Illustration by Abro
The subject of Pakistan Studies was introduced in the early 1970s. It was first made compulsory in schools and, from the late 1970s onwards, in colleges and universities. Over the years, it has often been lambasted for promoting half truths and — from the 1980s — even religious and racial bigotry.
Various Pakistani scholars, such as Dr A.H. Nayyar, Ahmad Salim and Rubina Saigol, have substantiated these claims through detailed Studies of Pakistani textbooks. Indeed, the content in these tomes, especially in Pakistan Studies books, is rather alarming.

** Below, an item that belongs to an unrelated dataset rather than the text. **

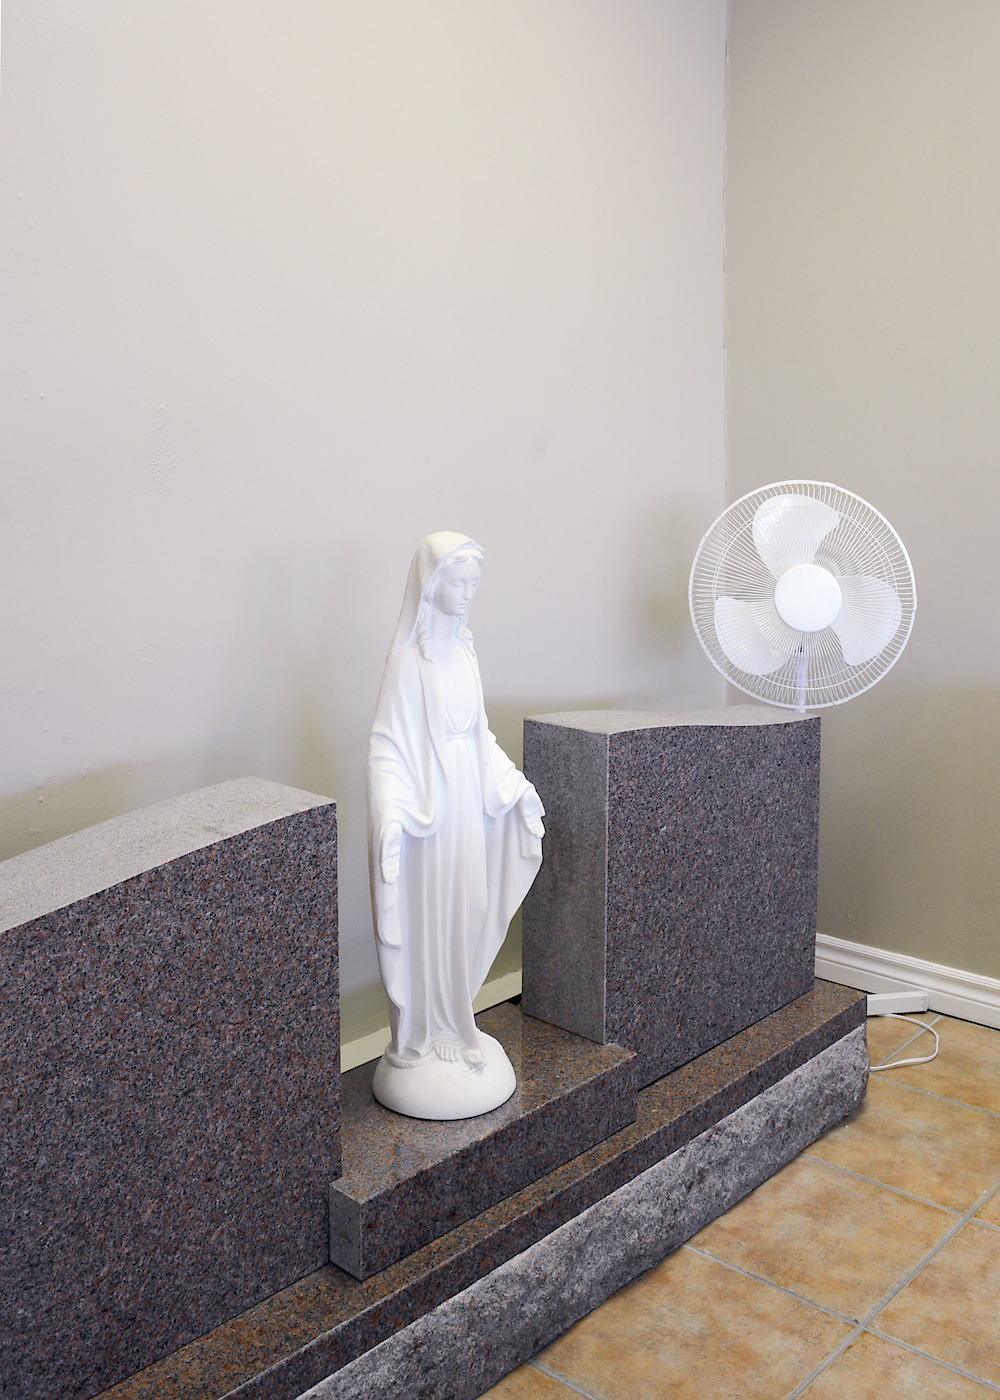 Adrienna Matzeg: Speakers; Blue Tarp; Surveillance; Flower Saddles; White Fan (from the series Why do we have Funerals?)

The overlying consensus in this regard is that the subject of Pakistan Studies was concocted as a reaction to the rising sentiment of ethnic regionalism in the country; and largely as a response to the violent manner in which the former East Pakistan broke away in 1971 to become Bangladesh.
The subject may have been formulated and promoted by leftists and liberals as a response to the country’s existential crises but they themselves became its victims
According to a desperate and bruised state and a new populist government headed by Z.A. Bhutto, this happened because a cohesive ideology of Pakistan, based on a shared Muslim faith which transcended ethnic identities, had not been properly formulated and ingrained among the people.

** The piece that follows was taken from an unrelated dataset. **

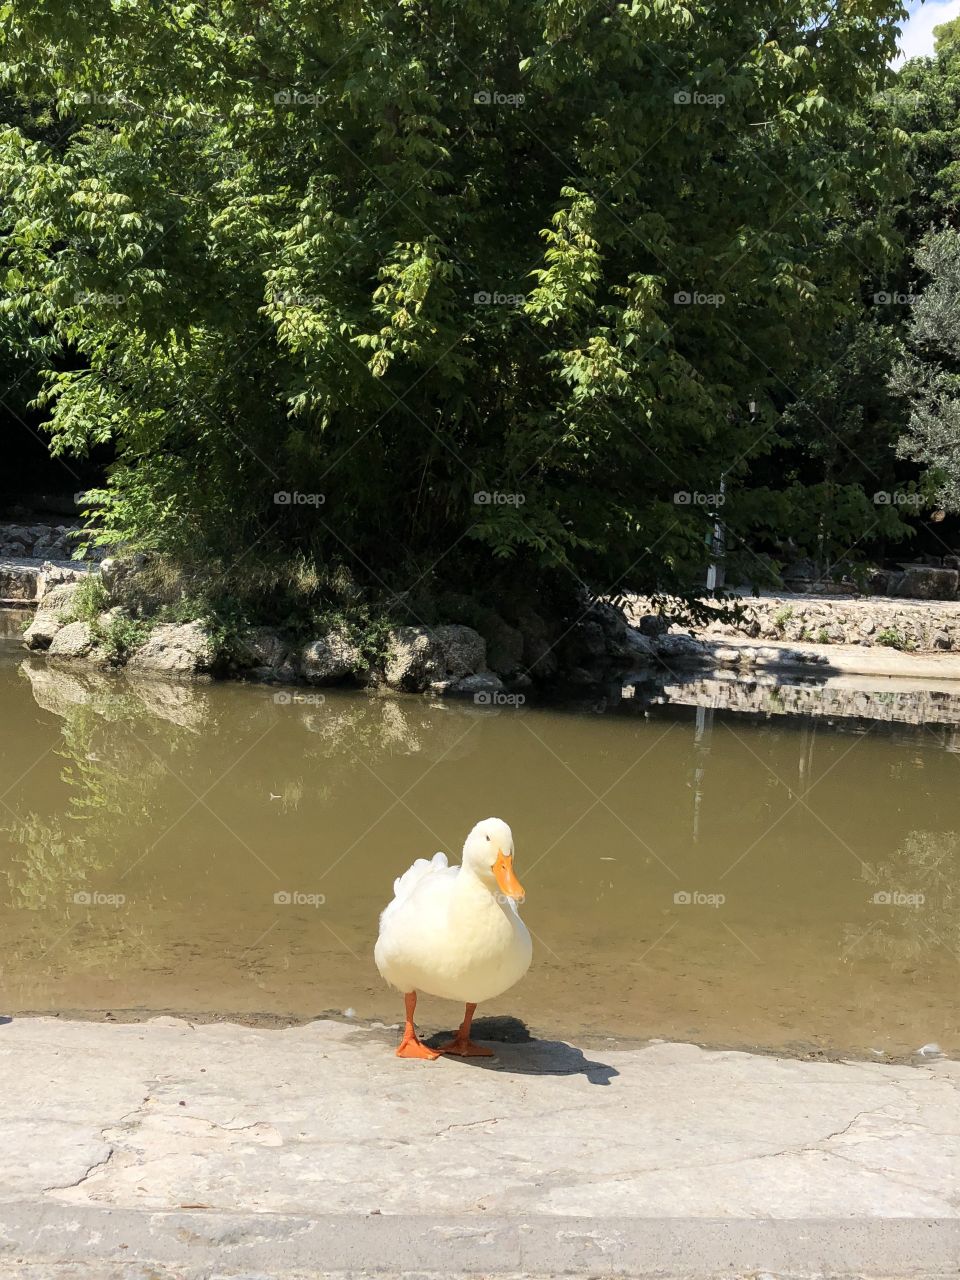 Don’t miss with this nice duck

So, Pakistan Studies set out to do just that, even if it had to distort and omit certain inconvenient truths. But, as a project, it was initially not really in the hands of belligerent politico-religious scribes, even though it would become just that during the Zia dictatorship in the 1980s. Initially, as an intellectual pursuit, it was formed by some noted, rationalist historians and introduced by a ‘modernist’ state and a populist left-leaning government.

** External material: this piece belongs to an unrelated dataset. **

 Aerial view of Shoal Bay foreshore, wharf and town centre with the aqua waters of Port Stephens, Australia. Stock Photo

But here’s the interesting bit: Those who came up with this subject eventually became its victims. Let me explain. The creation of Pakistan Studies in the 1970s was related to what was emerging in certain prominent segments of the academia in the US and Europe at the time.
In 1961, the French philosopher Michel Foucault published Madness and Civilisation. In 1962, the American philosopher Thomas Khun published The Structure of Scientific Revolutions. In 1966, two American sociologists, Peter Berger and Thomas Luckmann, penned The Social Construction of Reality. In 1968, the American anthropologist, Carlos Castaneda, published The Teachings of Don Juan.
These books made a huge impact on the evolution of psychiatry, sociology and anthropology. Each one of them were authored by ‘progressive’ men who were educated in some of the finest Western educational institutions which, for years, had upheld the core principles of the Age of Enlightenment: reason, rationality, science and empiricism.
Yet, these books are all vehement attacks on these principles. They claimed that truths, even scientific truths, were all constructions of power elites. Mental illness was a concept, not a truth. Reality was a social construction. Superstitions and ‘magical thinking’ can be as legitimate as scientific truths because truth was ‘relative.’